As Intermittent Fasting increases your insulin sensitivity, you get some benefits:
- Your body becomes less resistant to insulin, which in turn helps prevent storage of excess glucose as fat. This is good news if you’re currently working to lose fat mass (and gain lean body mass later on).
- Low triglyceride levels, (liver produces triglycerides that are stored into existing body fat for later, just in case you’ll need them for energy in the future) (resulting from increased insulin sensitivity) is associated with reduced risk of coronary disease. Research cardiologists at the Intermountain Medical Center Heart Institute have already confirmed this benefit in relation to fasting.
Role of Exercise
We all have heard or read, its common advice to eat at least something before a workout. However, advocates of Intermittent Fasting also recommend a regular exercise regimen to achieve desired fitness goals. In a 2014 abstract presented at the Journal of the International Society of Sports Nutrition annual conference, an intermittent fasting protocol (closely similar to the Lean Gains protocol) resulted in a decrease in fat mass as well as body weight when paired with resistance/strength training.
Endurance athletes seem to benefit from Intermittent Fasting too. Fasted training has been shown to boost glycogen and it gets replenished in the muscles faster, allowing for more activity and exertion. Cyclists who fast have also been shown to have increased power-to-weight ratios.
Impact on Metabolism (VERY IMPORTANT)
We have been told before that eating three square meals or six meals a day will boost your metabolism? It turns out that increased meal frequency has no direct impact to body composition, particularly if you don’t exercise regularly. Does that mean that fasting, the opposite of eating frequently, can boost metabolism? Not necessarily. In fact, metabolism may be slowed down during fasting as a means of conserving energy.

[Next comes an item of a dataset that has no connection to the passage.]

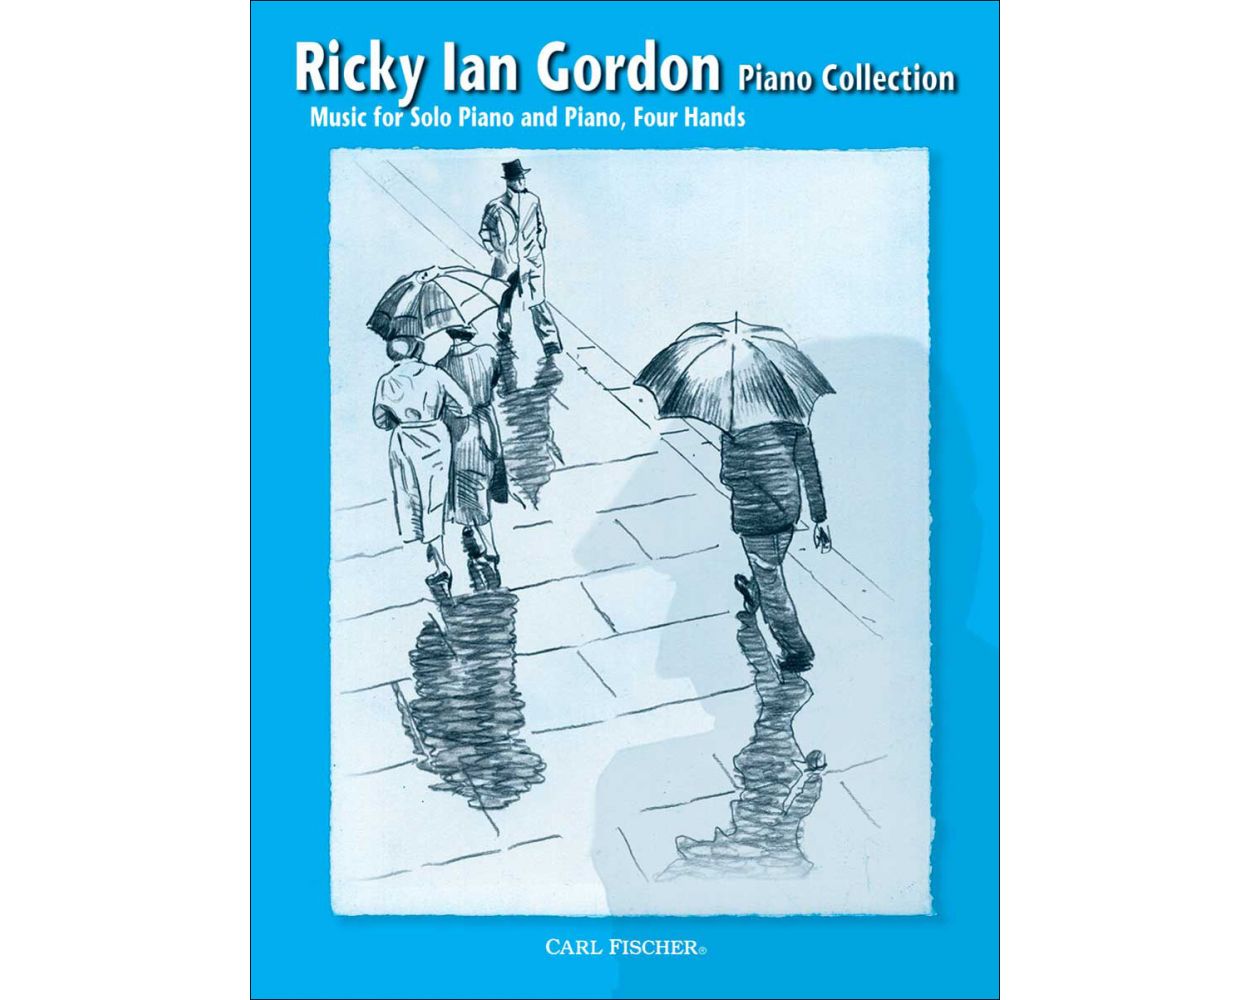 Gordon Piano Collection

A good summary of the metabolic benefits/lack of benefits recently appeared in a blog post discussing Alan Aragon’s 2015 article Intermittent fasting: After over a decade of research, where are we today?

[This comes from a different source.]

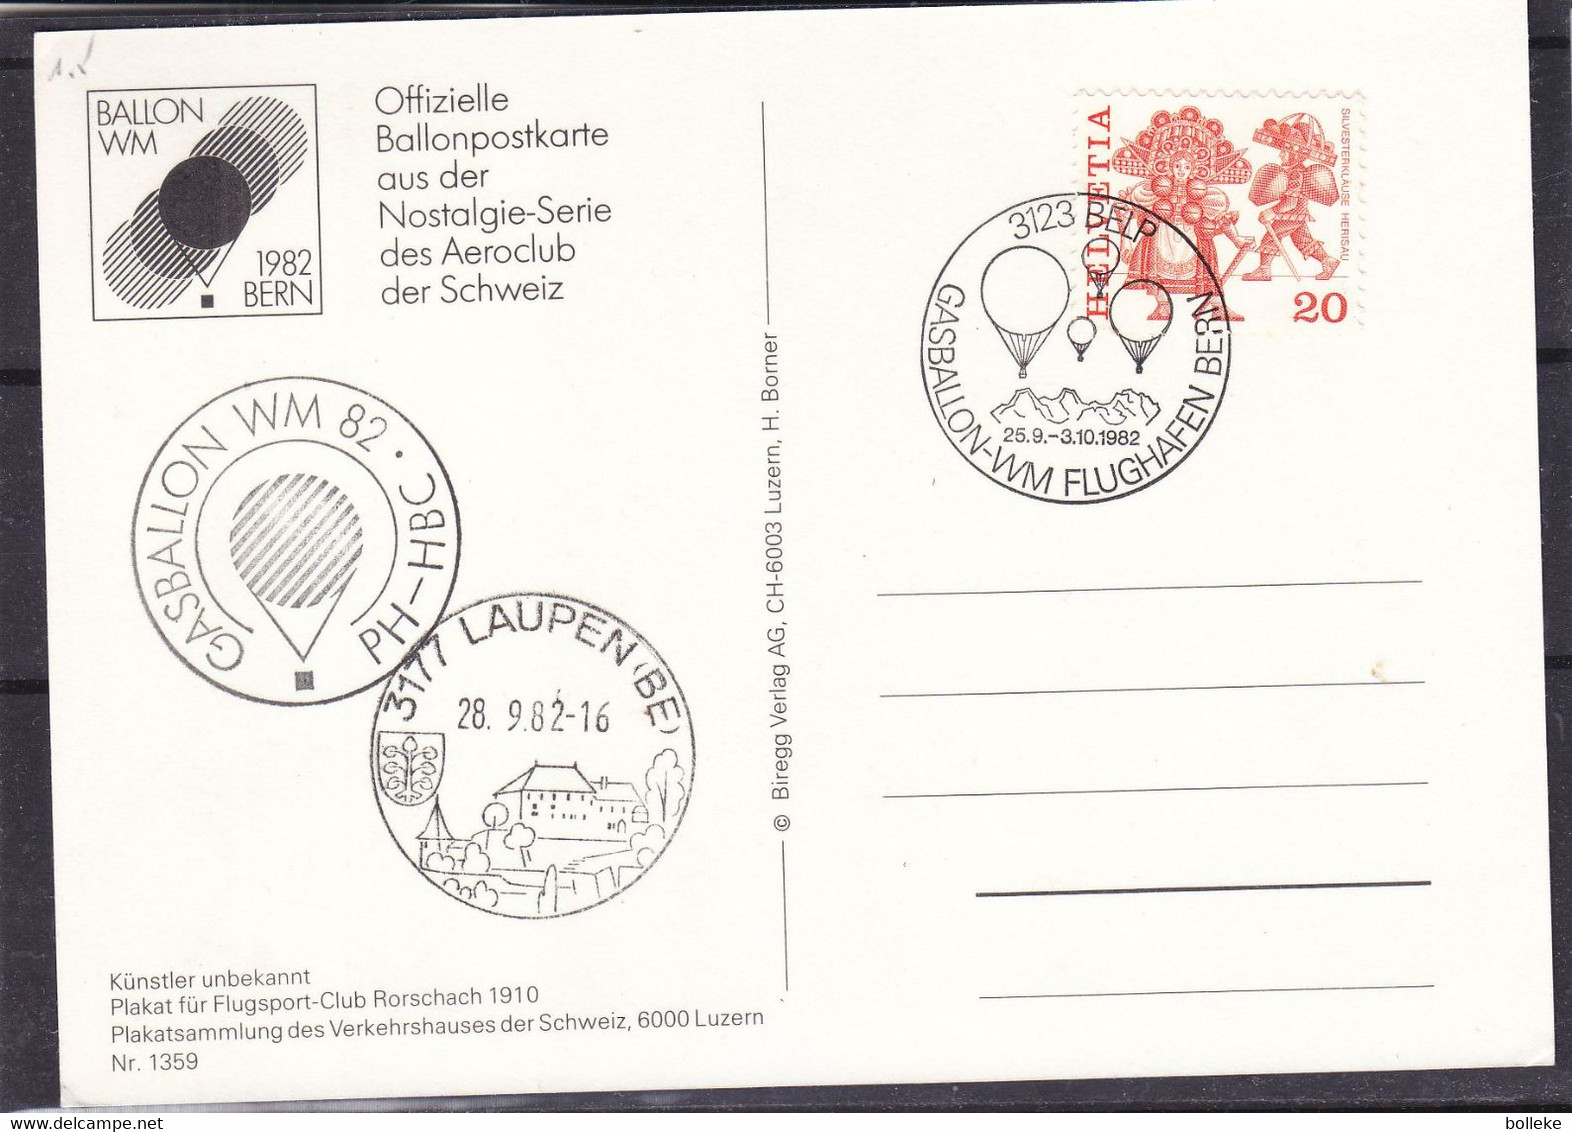 Montgolfières - Suisse - Carte Postale De 1982 - Oblit Belp - Vol Par Ballon - Cachet De Laupen - Airships

In his analysis, the author concludes the following:
- Intermittent Fasting is effective for reducing markers associated with low body fat and has demonstrated superiority to other diet regimens
- There is no metabolic advantage involved in Intermittent Fasting effectiveness
- Muscle gain may be possible in Intermittent Fasting, but any gains may not be optimal
- There is no significant difference in the results among popular Intermittent Fasting methods and all have demonstrated effectiveness
Is Intermittent Fasting for me?
Now the logical question, Is Intermittent Fasting is for me?
While the practice of Intermittent Fasting has been widely accepted and praised for its benefits, there are some that report that Intermittent Fasting may be detrimental in some cases, particularly in women’s health.

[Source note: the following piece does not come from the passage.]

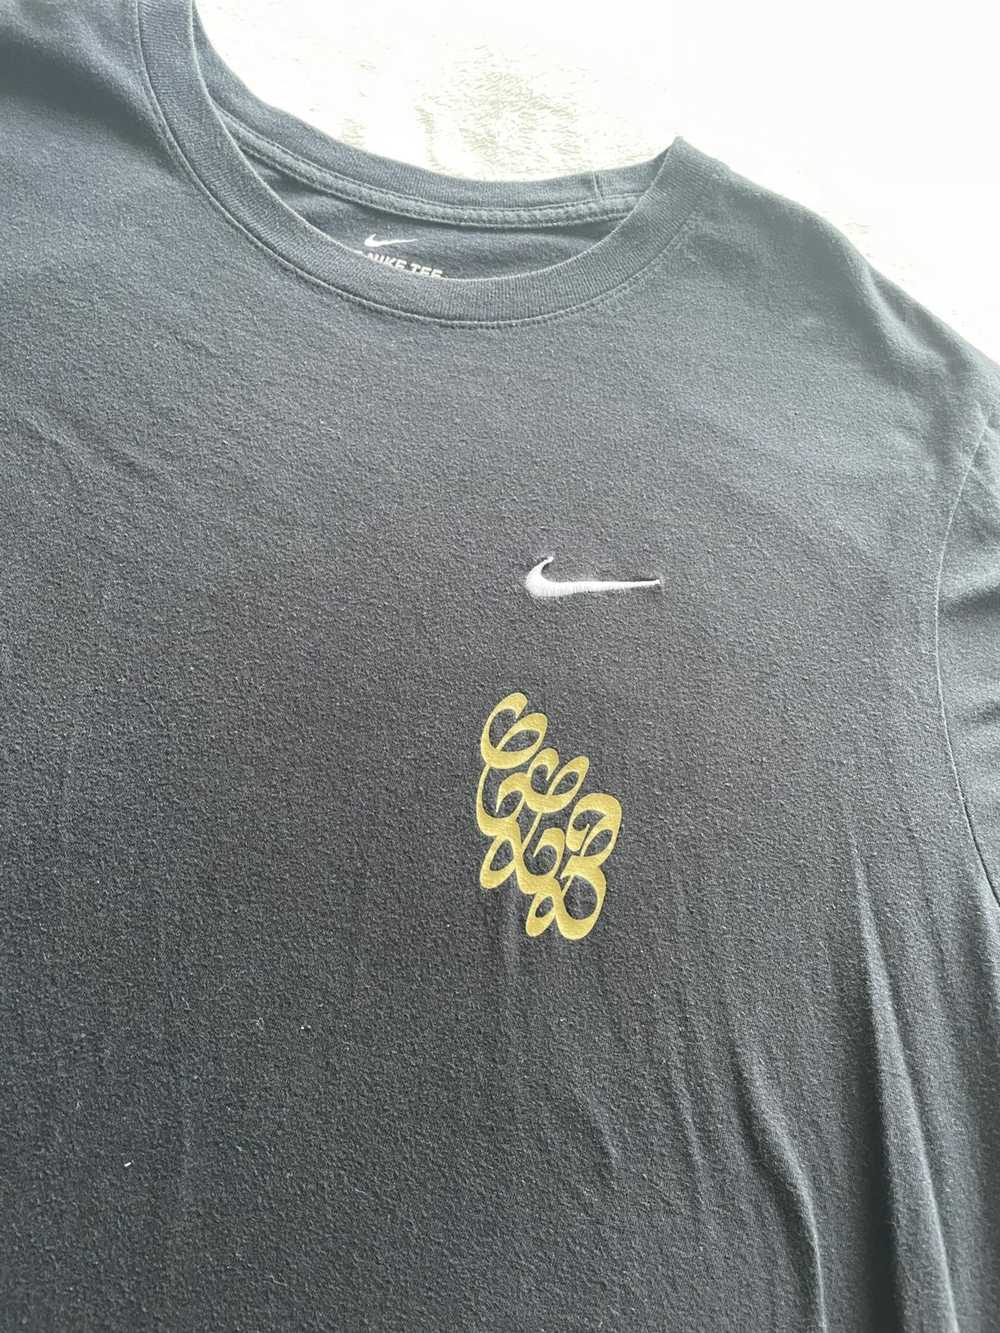 Drake × Nike Drake x Nike CLB Shirt - image 3

The impact of Intermittent Fasting on women’s health is still up for debate as there are also women who report that they too have reaped the benefits of IF. IF for Women article by the Precision Nutrition team is worth checking out.
If you want to try something new and want to try it out, go for it, choose the method that you feel you can practice. While you’re doing Intermittent Fasting, track your meals and progress. Record what you feel during and after the fast.
My unsolicited suggestion always – DO NOT STARVE YOURSELF! Keep trying till you figure what works for you in the long term! Exercise, eat less, eat everything you like, control your portions, regular medical check ups, Stay the course of health – mind and body included!